2016-03-23 Thread Liyin Tang (JIRA)
Liyin Tang created SPARK-14105:
--

 Summary: Serialization issue for KafkaRDD
 Key: SPARK-14105
 URL: https://issues.apache.org/jira/browse/SPARK-14105
 Project: Spark
  Issue Type: Bug
Reporter: Liyin Tang


When using DISK or Memory to persistent KafkaDirectInputStream, it will 
serialize the FetchResponse into blocks. The FetchResponse contains the 
ByteBufferMessageSet where each Kafka Message is just one slice of the 
underlying ByteBuffer. 

When serializing the KafkaRDDIterator, it seems like the entire underlying 
ByteBuffer in ByteBufferMessageSet will be serialized for each and every 
message.
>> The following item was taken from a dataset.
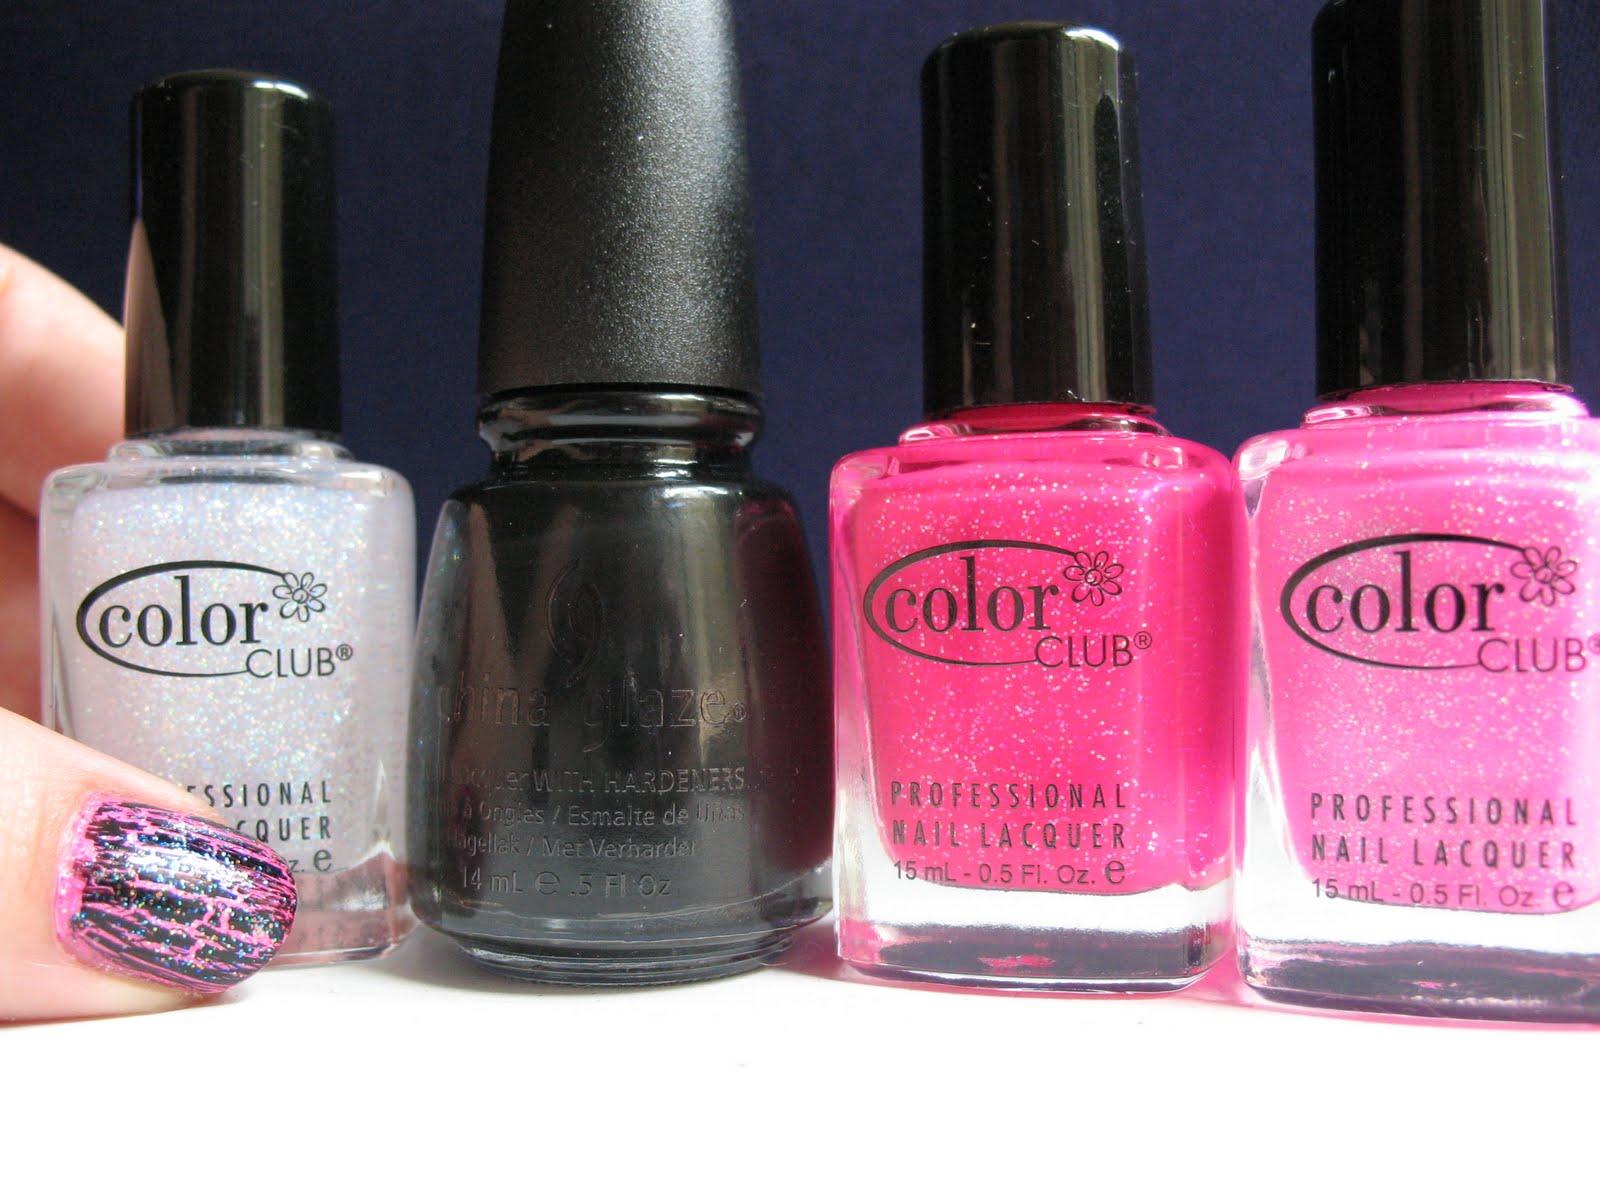 http://4.bp.blogspot.com/--mle-t_sSrE/TeZRRD9j8_I/AAAAAAAAFCU/ps6ct9y7_-g/s1600/color_club_black_mesh_bottles.JPG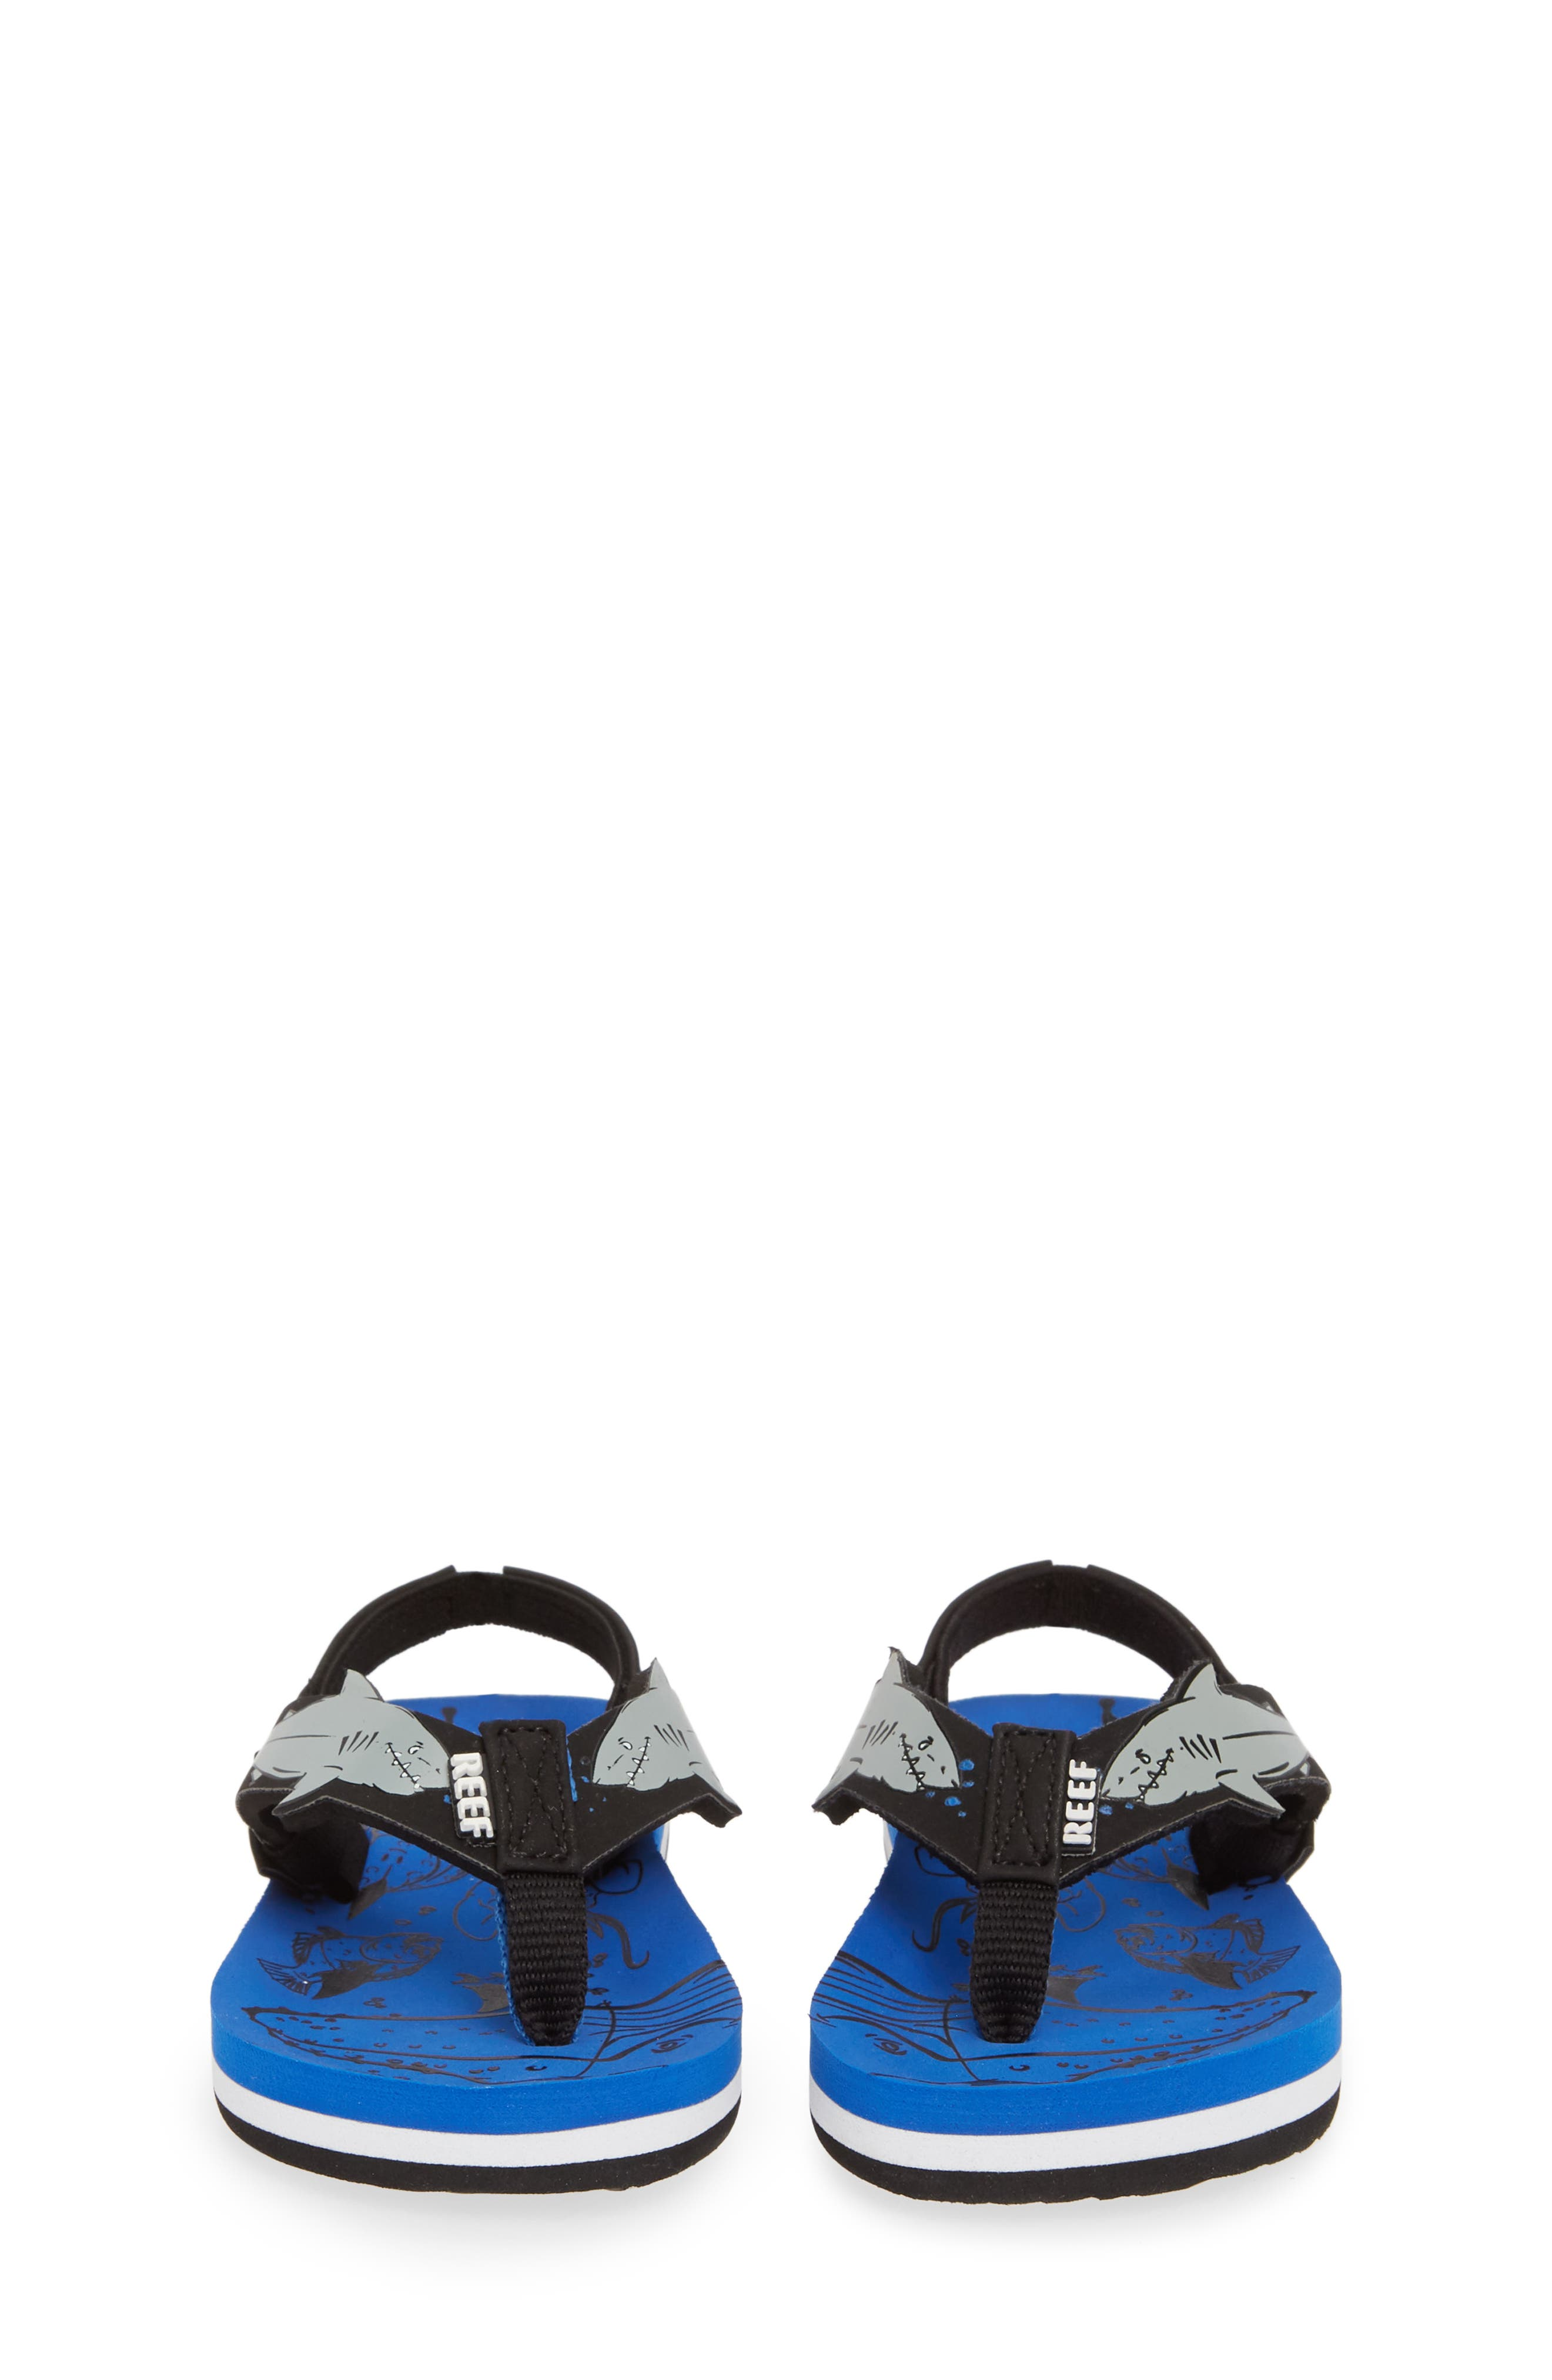 REEF, Ahi Shark Flip Flop, Alternate thumbnail 5, color, BLUE

This will cause block size easily exceeds 2G, and lead to 
"java.lang.OutOfMemoryError: Requested array size exceeds VM limit" or 
"FileChannelImpl.map -> exceeds Integer.MAX_VALUE:"

The consumer fetch is the default value (1M).  I tried to reduce fetch size, 
but it will cause other errors like errRanOutBeforeEnd. 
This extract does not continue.